Defendant argued two reasons for dismissal of Plaintiff’s §541.060(a)(1) claim and DTPA claim premised on alleged misrepresentations (Tex. Bus. & Com. Code §17.50(a), §17.46(b)(5) and §17.50(a)(3)): 1) Plaintiff failed to sufficiently plead that it relied on the misrepresentations and that they were the source of its damages and 2) post-loss representations are not actionable as extra-contractual claims. The Court disagreed with the latter statement. Many cases have found allegations of post loss representations are sufficient to state a claim under Tex. Ins. Code 541.060(a)(1). See Glidewell v. Safeco Ins. CO. of Ind., No. 3:15-CV-1099-G, 2015 U.S. Dist. LEXIS 106795, (N.D. Tex. Aug. 13, 2015). But the first premises had merit, according to this Court. “Under Texas law, if the insured does not rely to his detriment on the misrepresentation when making a decision, there is no actionable claim.” Taboada v. State Farm Lloyds, No 2:18-CV-453, 2020 U.S. Dist. LEXIS 8224, (S.D. Tex. Jan. 17, 2020). Plaintiff failed to allege any reliance in its pleading. Defendant also argued that the absence of reliance in the pleadings is a basis for dismissing the DTPA claims under §17.46(b)(5) and §17.50(a)(3). Here, the Court held that neither §17.50(a)(3) nor §541.151(a) require detrimental reliance and therefore Plaintiff has no plausible claim under §17.50(a)(3). Plaintiff cannot maintain a §17.50(a)(4) claim under the DTPA without an underlying violation of Chapter 541 of the Insurance Code.

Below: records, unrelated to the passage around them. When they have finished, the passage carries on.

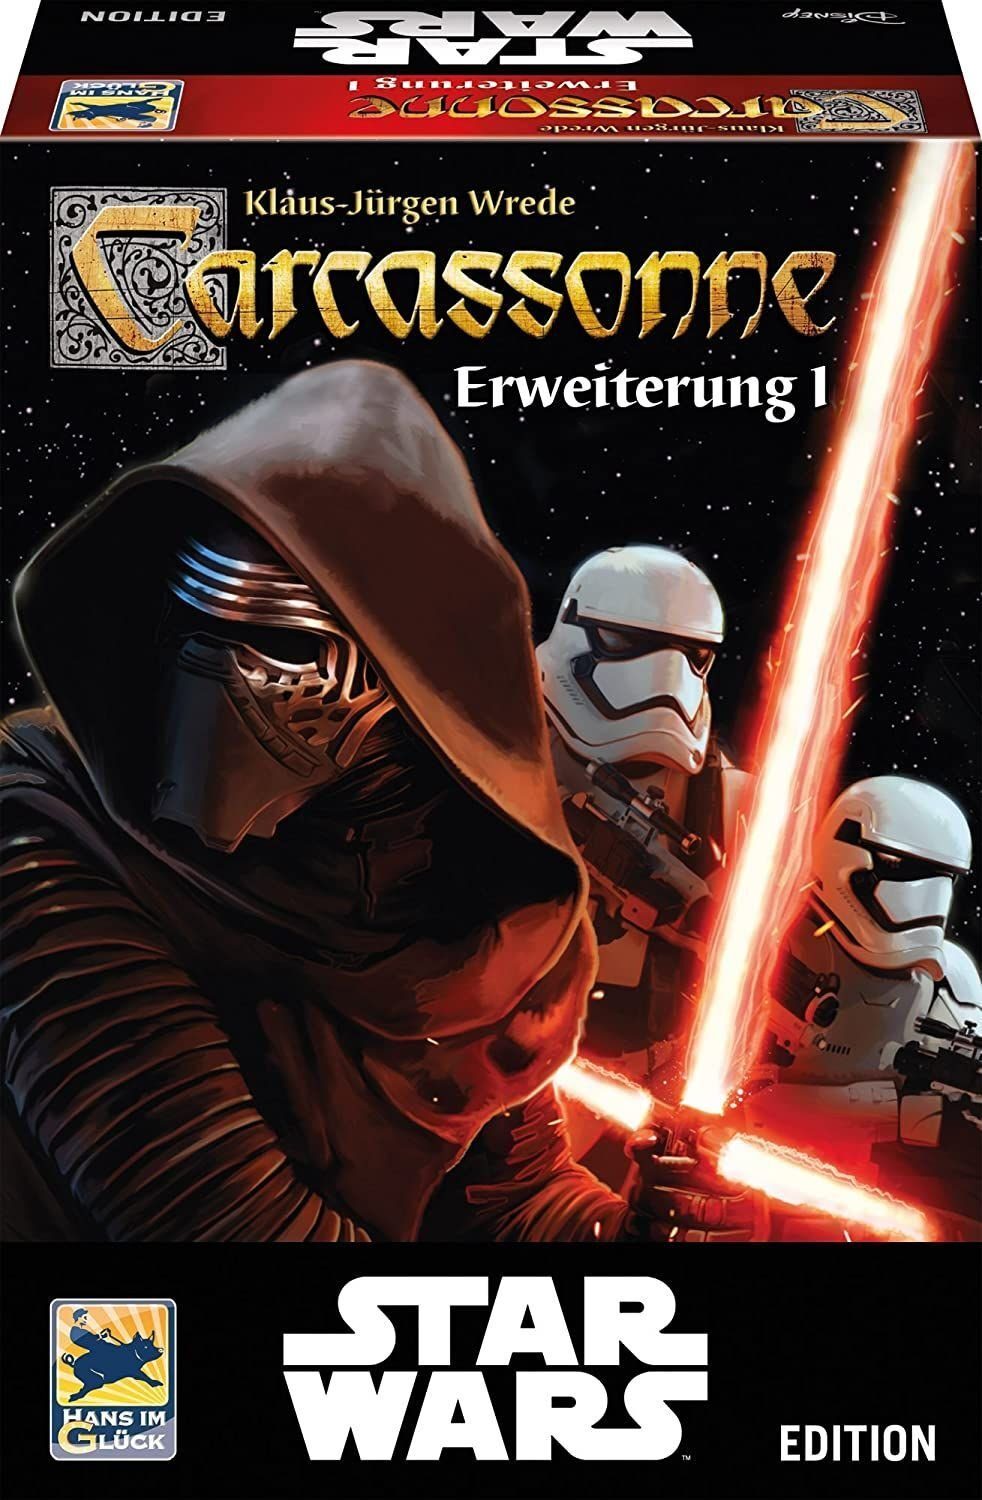 Hans im Glück Spiel, Carcassonne Star Wars Edition Erweiterung 1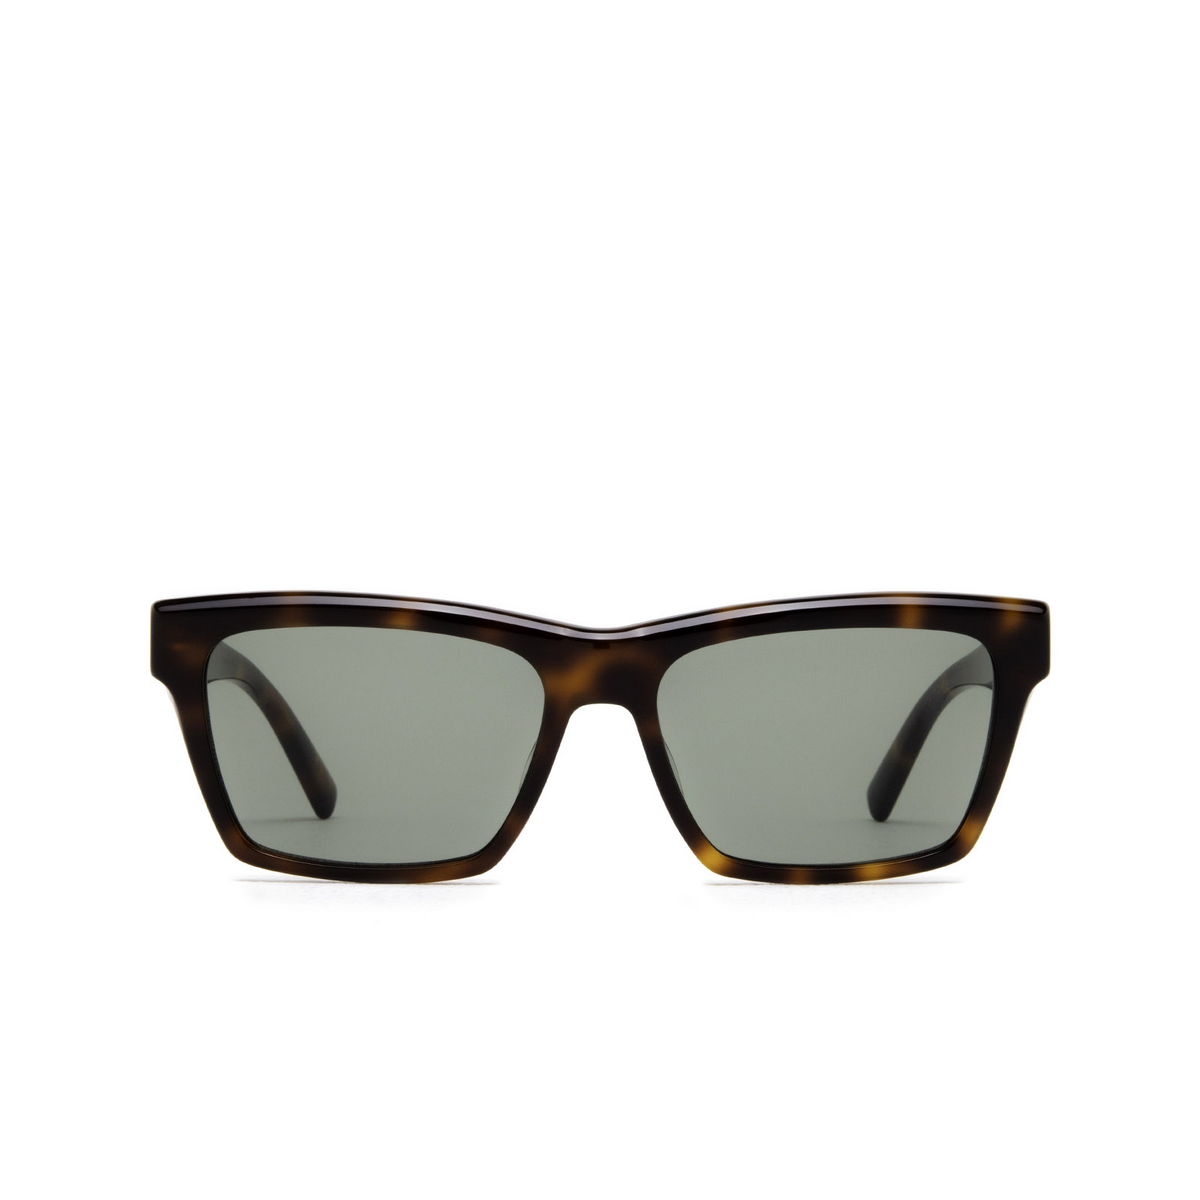 Saint Laurent® Rectangle Sunglasses: SL M104 color Havana 003 - front view.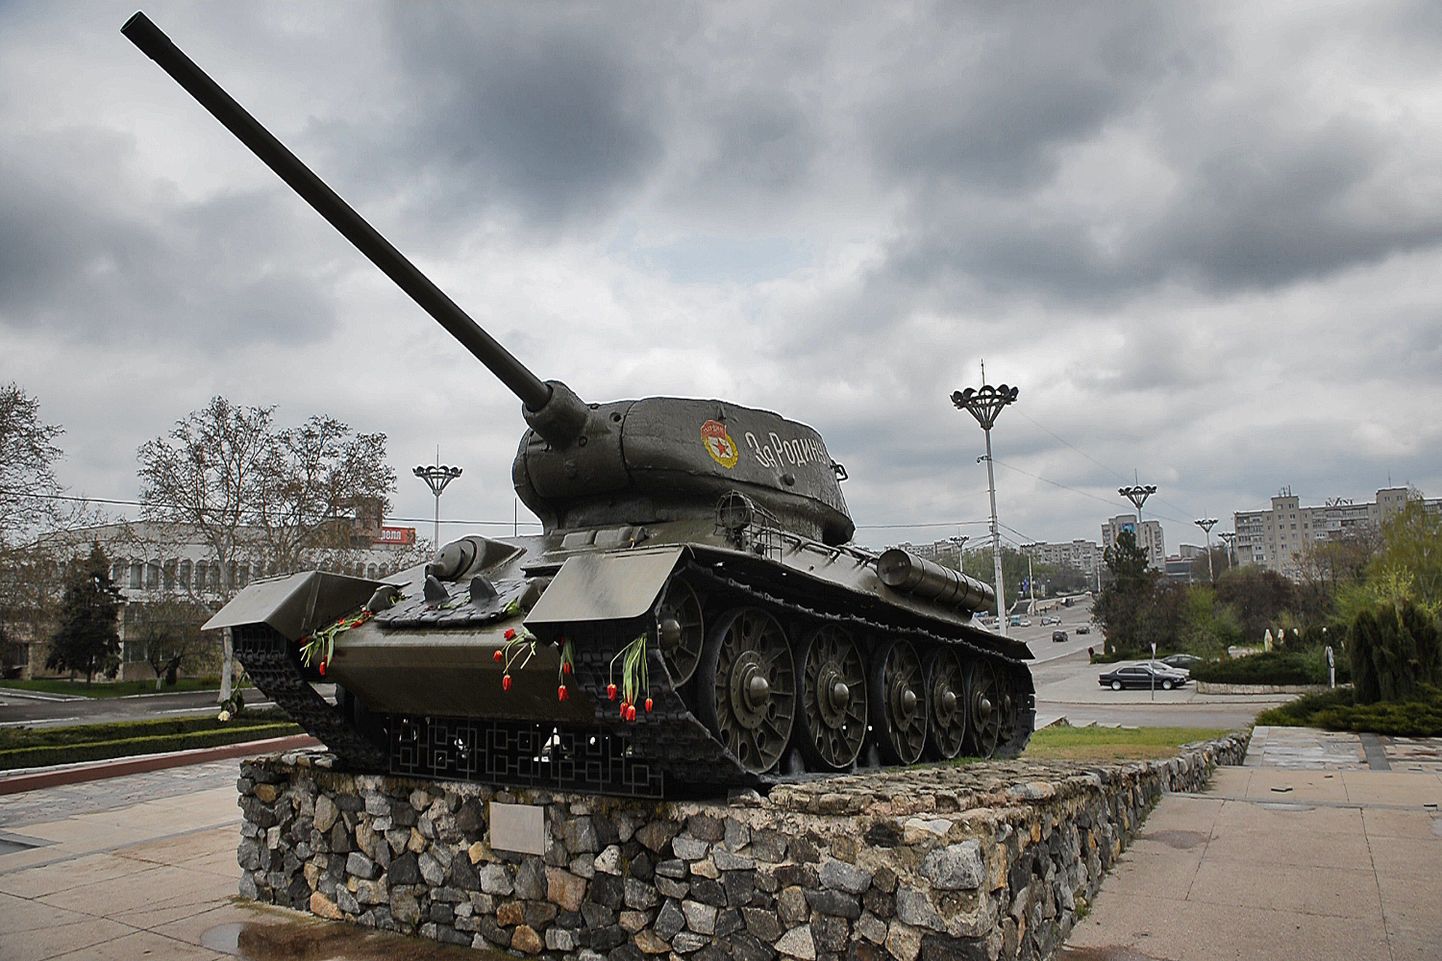 Punaarmee tank.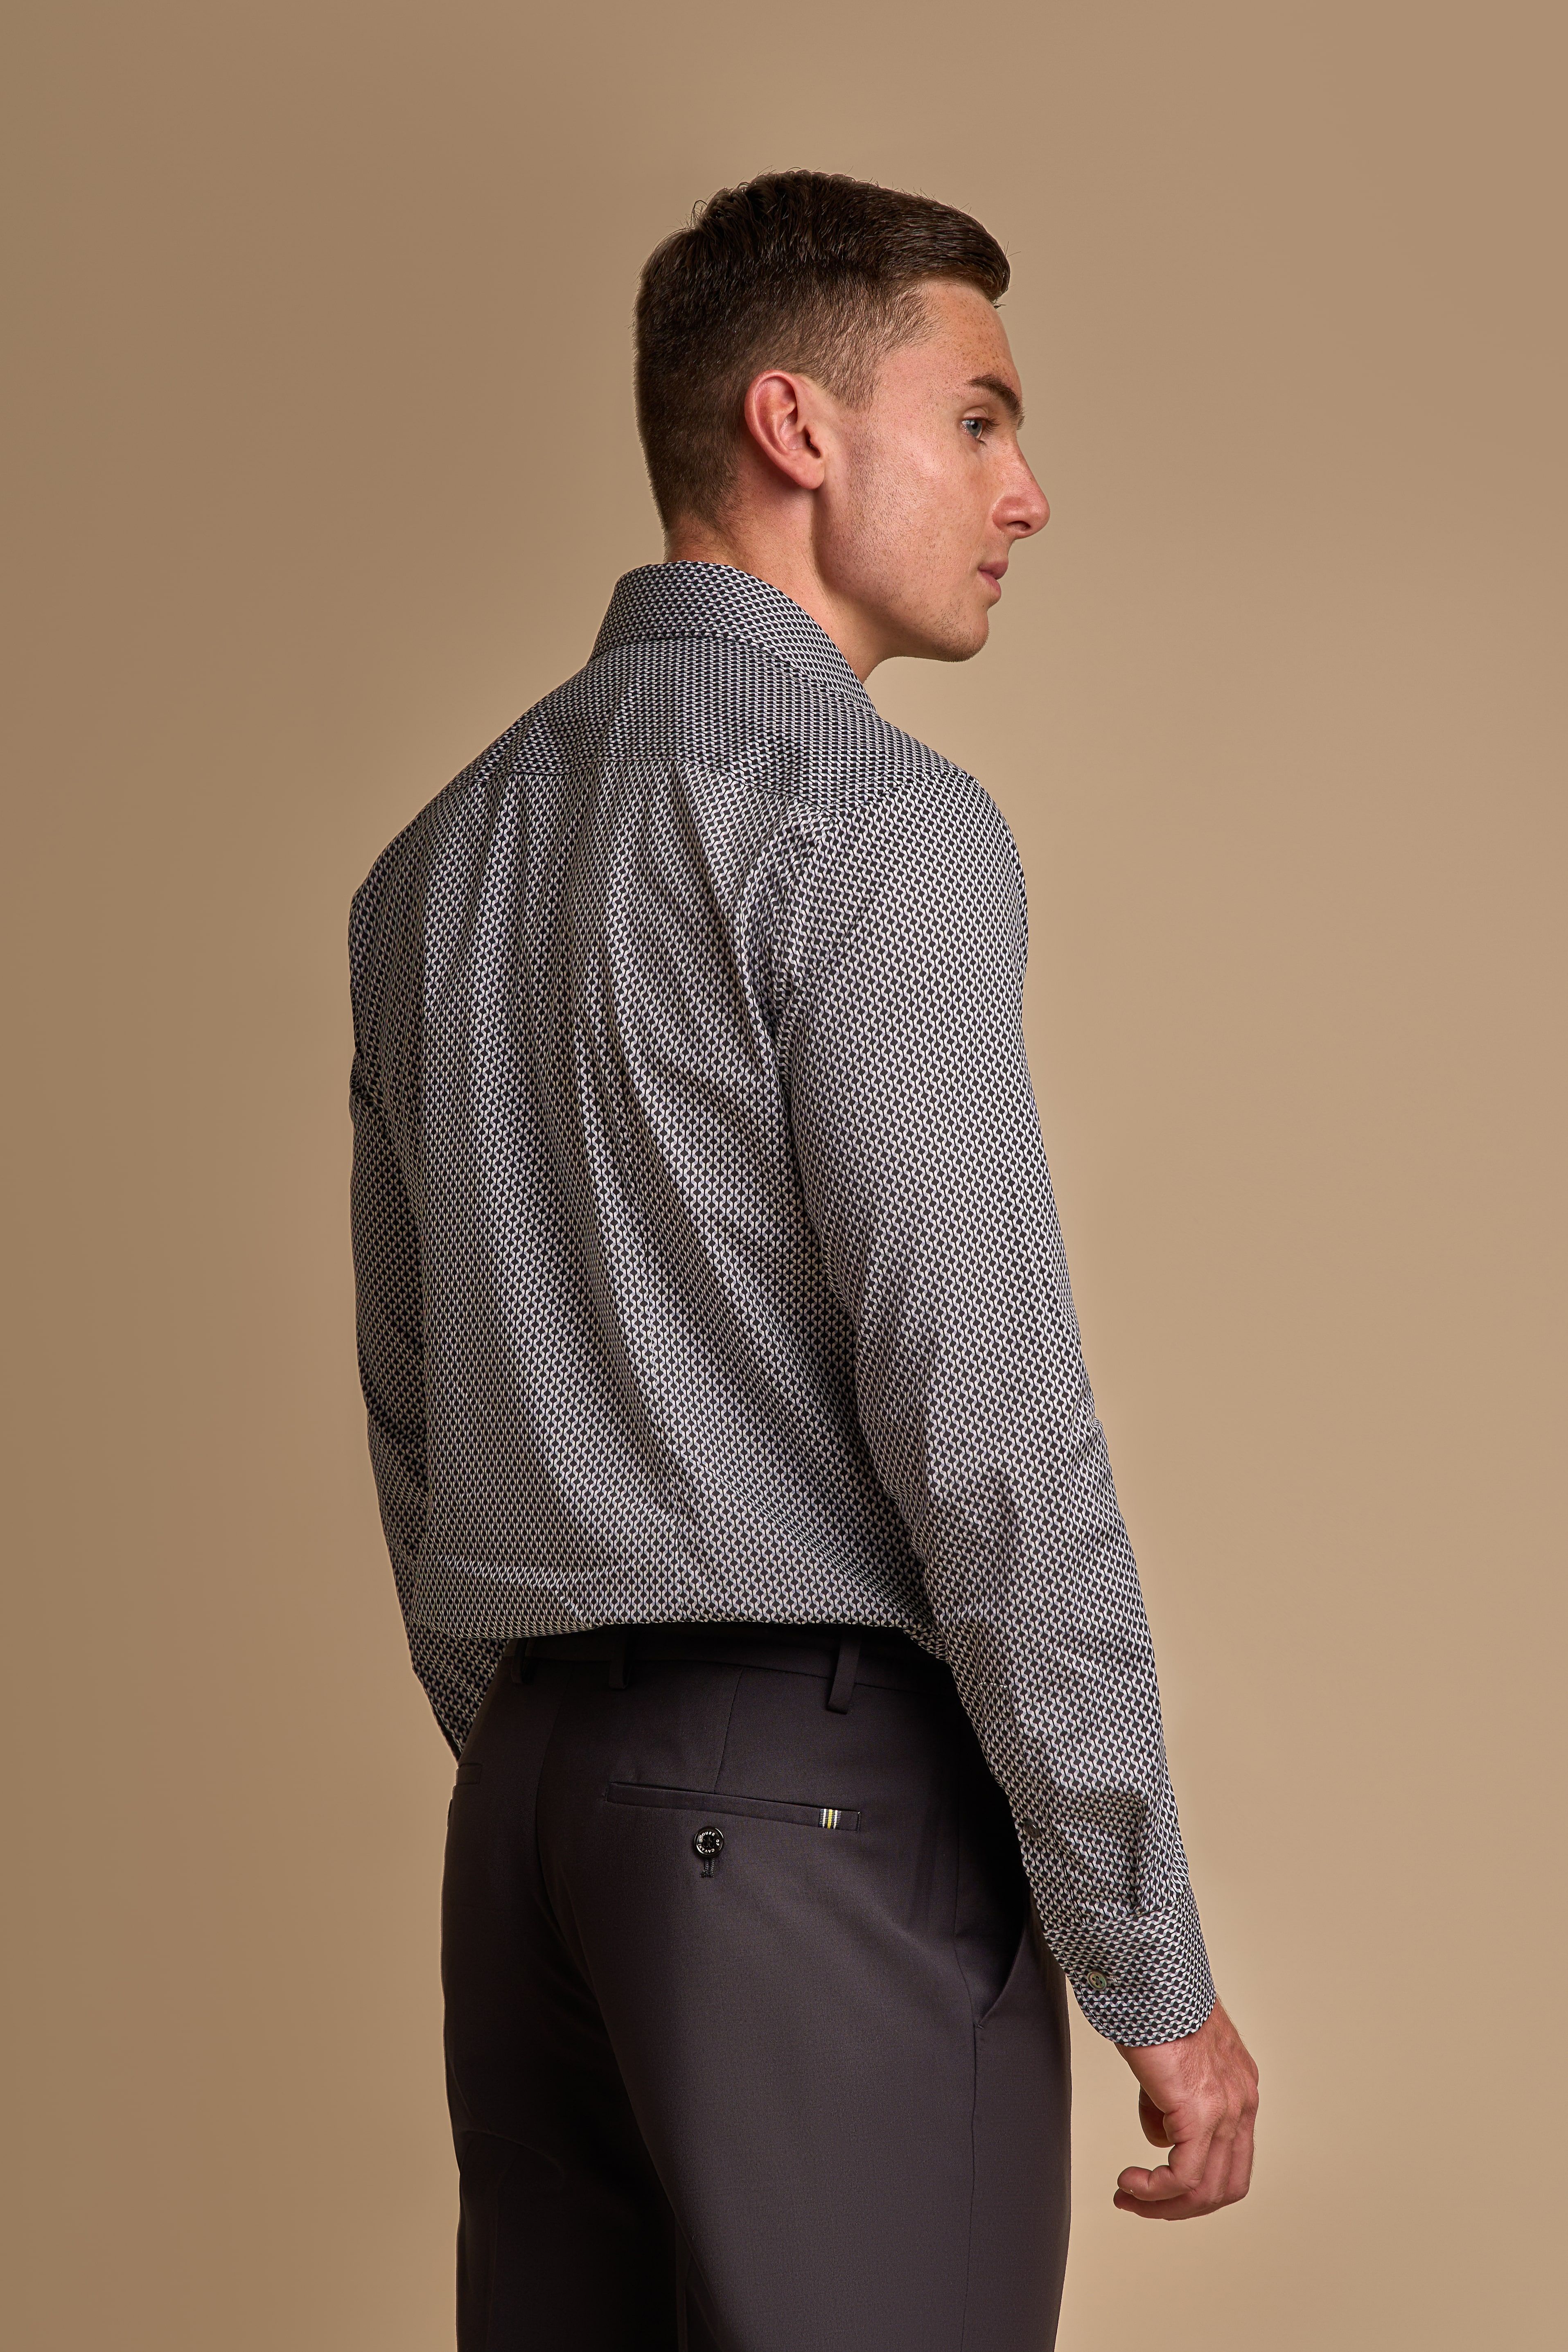 Halbformelles, langärmliges, gemustertes Baumwollhemd für Herren in Schwarz und Weiß mit schmaler Passform

Finally, the Court refused to grant Plaintiff’s request to amend its complaint when it already had amended the complaint prior to the filing of the motion to dismiss. And “if the Court finds any Motion to Dismiss has merit, the Plaintiff shall not be allowed an additional opportunity to amend its Complaint following a properly filed Motion to Dismiss.” U.S. ex. Rel. Willard v. Humana Health Plan of Tex., Inc., 336 F.3d 375, 387 (5th Cir. 2003). The Court pointed out too that the Plaintiff’s request to file another amendment provides no reason why the procedure applied through the Court’s standing order failed to provide an adequate opportunity to present its best case. The Court concluded that justice does not require serial amendments in response to motions to dismiss and exercised its discretion to deny the request.
The Court granted the motion to dismiss any claim based on Tex. Ins. Code §541.060(a)(1) and Tex. Bus. & Com. Code §17.46(b)(5) and §17.50(a)(3). But the claims under §541.060(a)(2)(A), (3), (4), and (7) as well as the DTPA claim under §17.50(a)(4) remained.